Dari sudut pandang ontologi, makna ini mencerminkan perpaduan antara idealisme dan materialisme. Penjelasan mengenai hal ini dapat ditemukan dalam

(13)

94 The Will Theory of Law karya John Austin dan The Pure Norm Theory of Law karya Hans Kelsen. Menurut John Austin, aturan hukum positif harus disamakan dengan ekspresi tindakan keinginan, sedangkan di samping itu sistem hukum harus disamakan dengan semua aturan hukum positif yang berasal dari kehendak kedaulatan yang sama. Oleh karena itu dapat dipahami bahwa pengertian hukum di sini sebagai perintah yang berdaulat.

Terhadap apapun yang bukan perintah bukanlah hukum, hanya perintah umum yang dianggap sebagai hukum dan hanya perintah yang berasal dari kedaulatanlah yang merupakan hukum positif (Hart, 2006, hlm. 245)

HLA Hart (dalam Sidharta: 2006) memberikan gambaran tentang istilah positivisme sebagai berikut: Ungkapan positivisme digunakan dalam literatur Anglo-Amerika kontemporer untuk menunjuk satu atau lebih pendapat berikut:

1)bahwa hukum adalah perintah manusia;

2)bahwa tidak ada hubungan yang diperlukan antara hukum dan moral, atau hukum sebagaimana adanya dan hukum sebagaimana mestinya; 3) bahwa analisis atau studi tentang makna konsep-konsep hukum merupakan studi penting untuk dibedakan dari (walaupun sama sekali tidak bermusuhan dengan) penyelidikan sejarah, penyelidikan sosiologis, dan

penilaian kritis hukum dalam hal moral, tujuan sosial, fungsi, & c; 4) bahwa suatu sistem hukum adalah suatu sistem logika tertutup dimana keputusan-keputusan yang tepat dapat disimpulkan dari aturan- aturan hukum yang telah ditentukan sebelumnya hanya dengan cara-cara logis;

penilaian moral tidak dapat ditetapkan, seperti pernyataan fakta, dengan argumen rasional, bukti atau bukti (non kognitivisme dalam etika). Bagi aliran positivisme, tidak ada hukum selain hukum positif yaitu hukum yang didasarkan pada otoritas yang berdaulat. Hukum positif berbeda jika dibandingkan dengan prinsip-prinsip lain yang didasarkan pada moralitas, agama, kebiasaan sosial.

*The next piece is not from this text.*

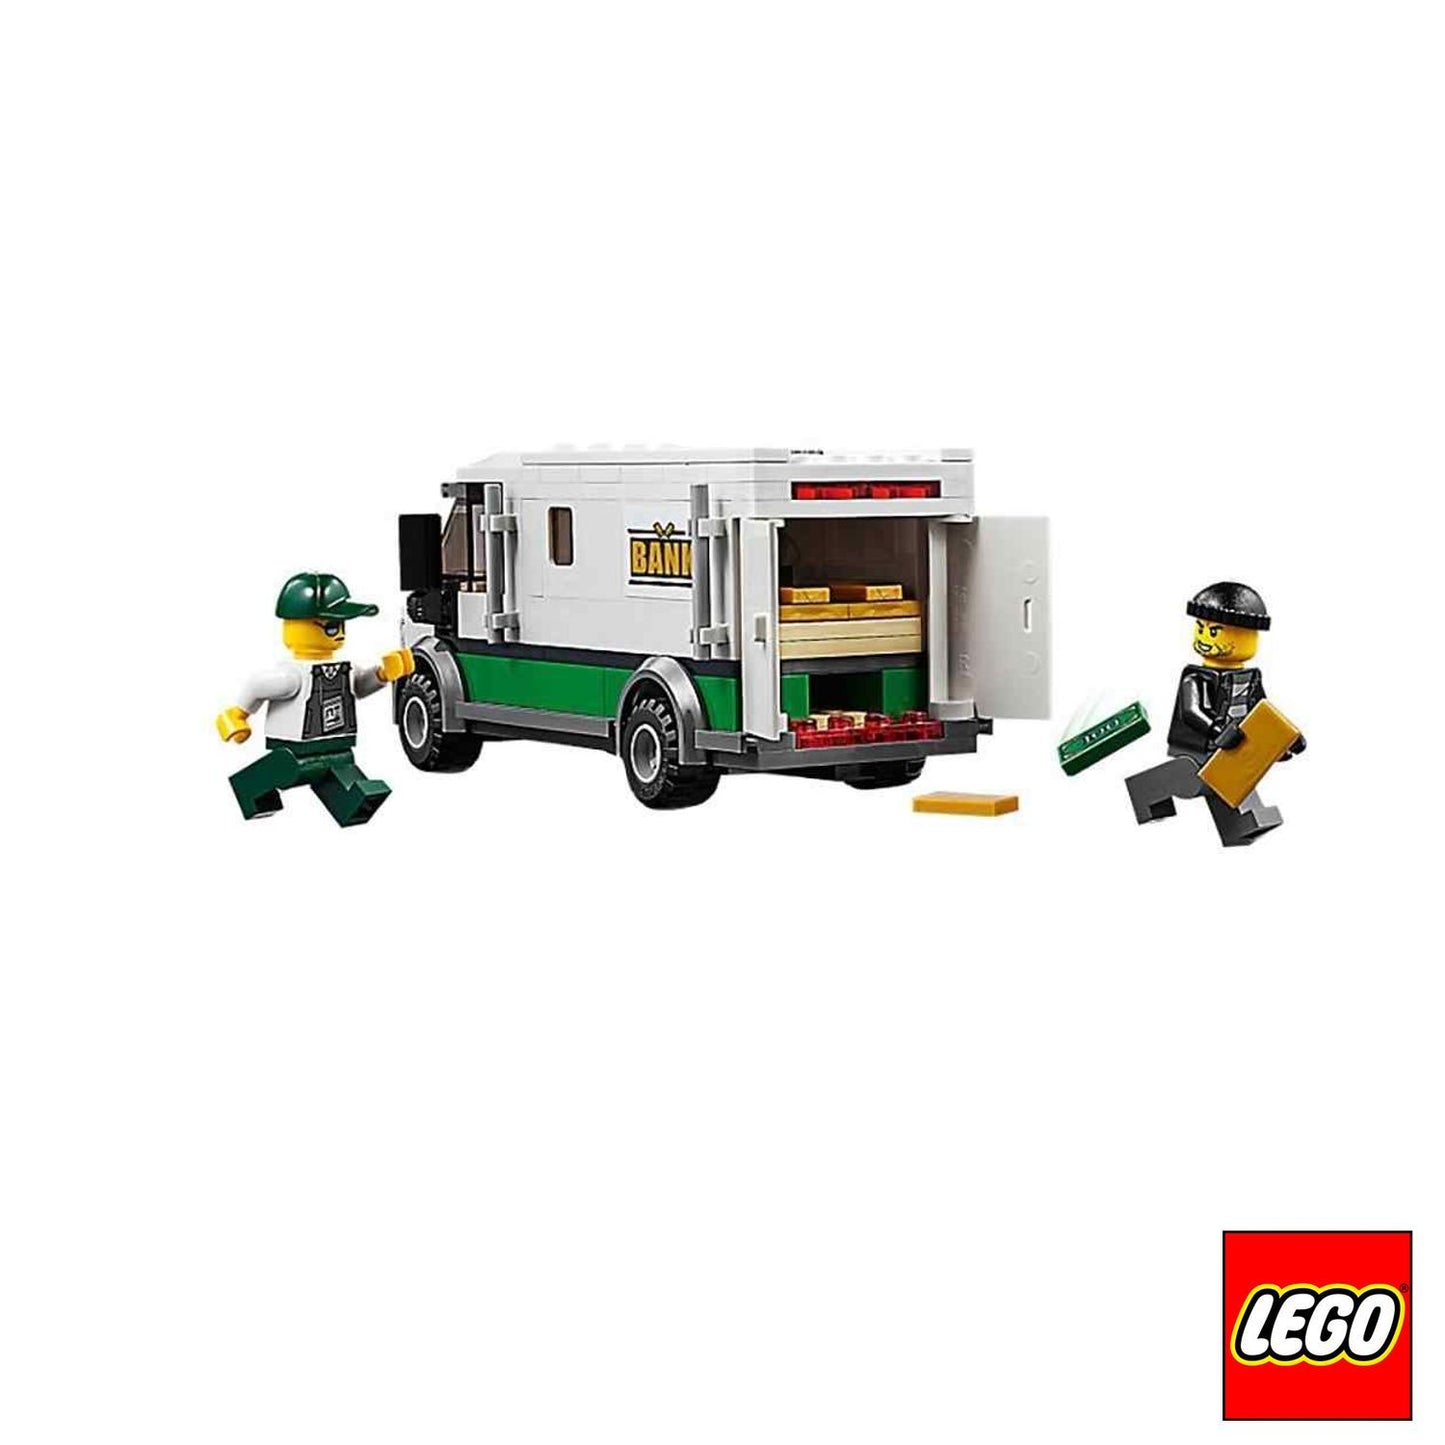 IPERBIMBO-LEGO-TRENO-MERCI1

Konsep positivisme ini sangat mengagungkan hukum tertulis, sehingga aliran ini beranggapan bahwa tidak ada norma hukum di luar hukum positif, segala persoalan dalam masyarakat diatur dalam hukum tertulis. Pandangan yang sangat mengagungkan hukum tertulis dalam positivisme hukum ini, sesungguhnya merupakan penghormatan yang berlebihan terhadap kekuasaan yang menciptakan hukum tertulis, sehingga kekuasaan ini dianggap sebagai sumber hukum dari negara hukum. (Isra: 2018).

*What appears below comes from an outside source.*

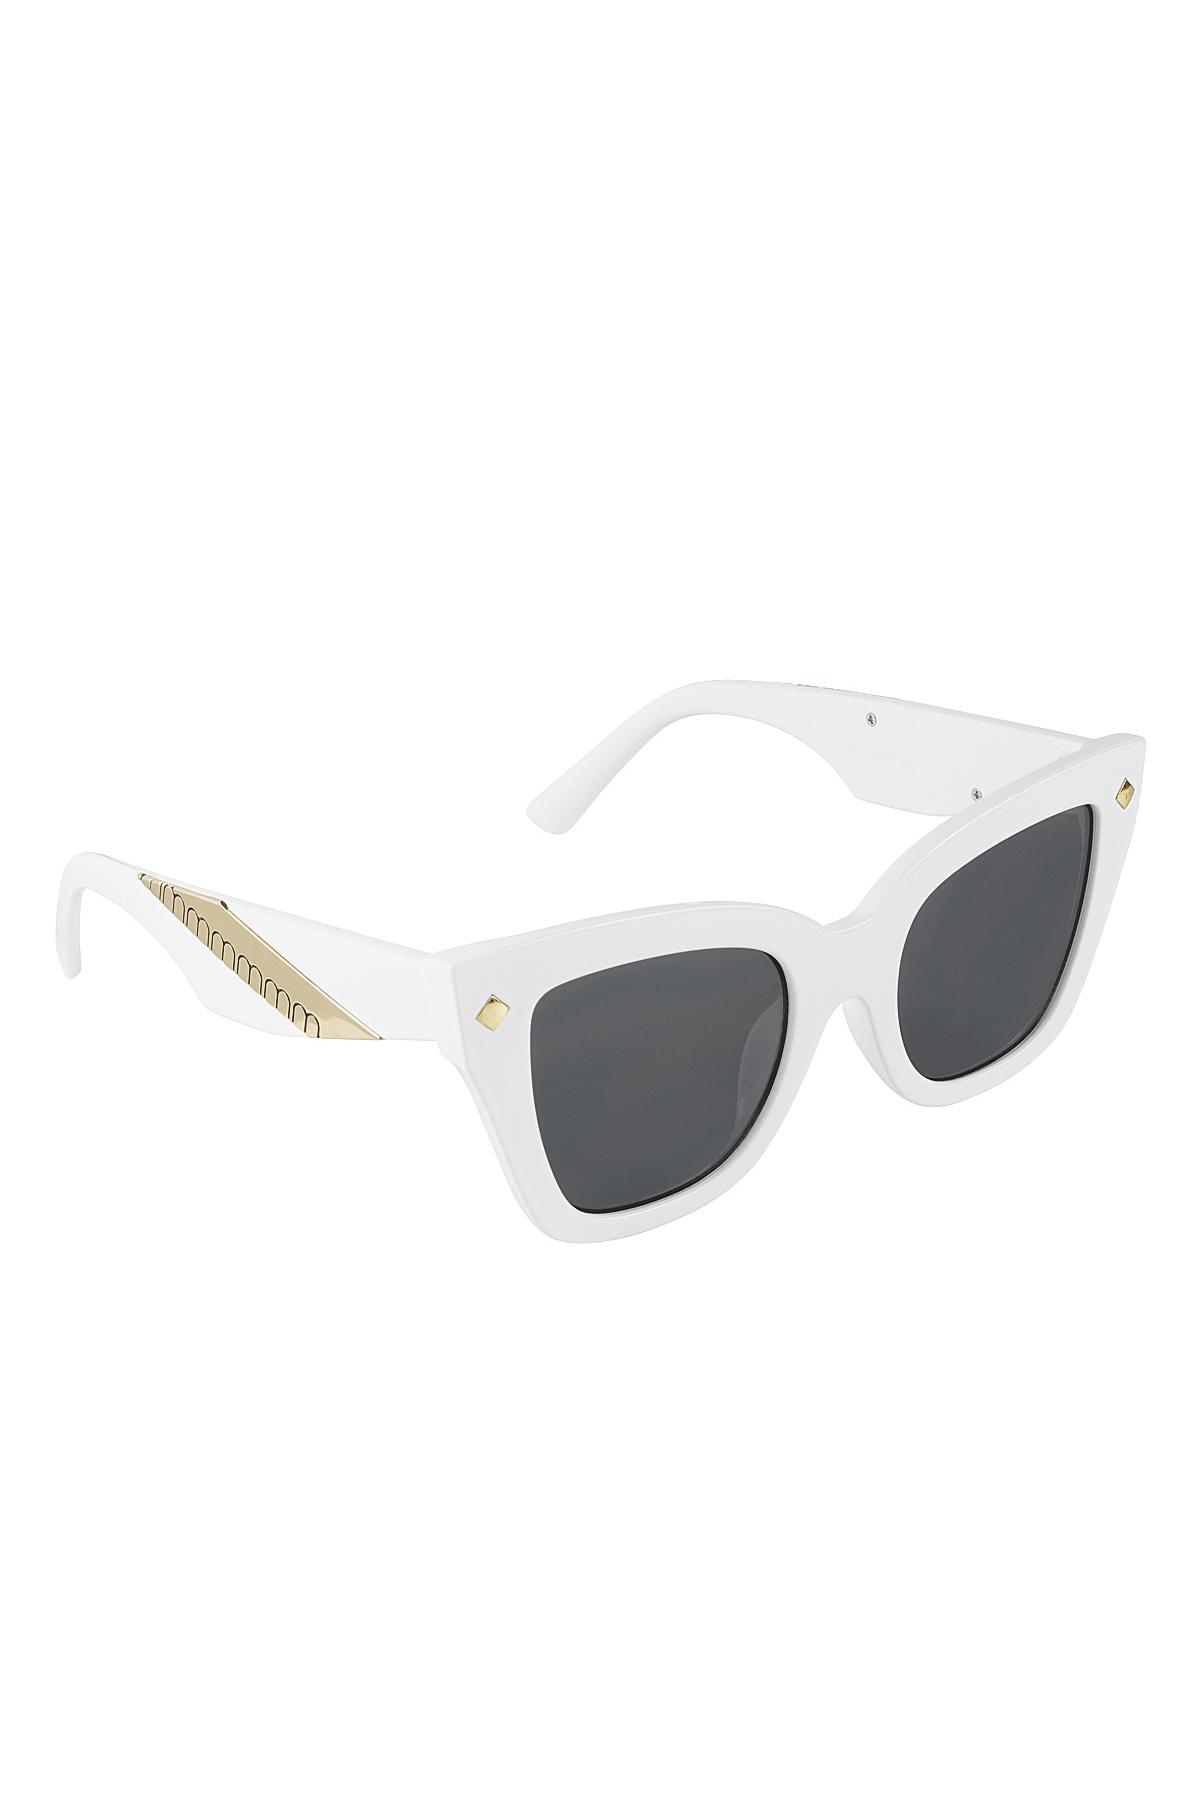 Sunglasses basic/gold White PC One size

Hukum positivisme, atau biasa dikenal dengan Ius Constitutum, adalah hukum yang berlaku saat ini untuk komunitas tertentu

(14)

95 di suatu wilayah tertentu dimana singkatnya hukum yang berlaku bagi masyarakat pada waktu dan tempat tertentu (Sapoetra: 1983).

Hans Kelsen anti-empiris dan bukan anti-positivis. Setelah menyimak kutipan- kutipan pemikirannya, akan jelas bahwa Kelsen sebenarnya adalah penganut aliran positivisme (Hans Kelsen lebih menekankan pada ajaran teori hukum murni, yaitu ajaran yang memandang hukum sebagai benar-benar sollens kategorie (seharusnya) dan bukan sebagai seinskategorie (itu adalah), bebas dari semua unsur non yuridis seperti sosiologi dan etnisitas).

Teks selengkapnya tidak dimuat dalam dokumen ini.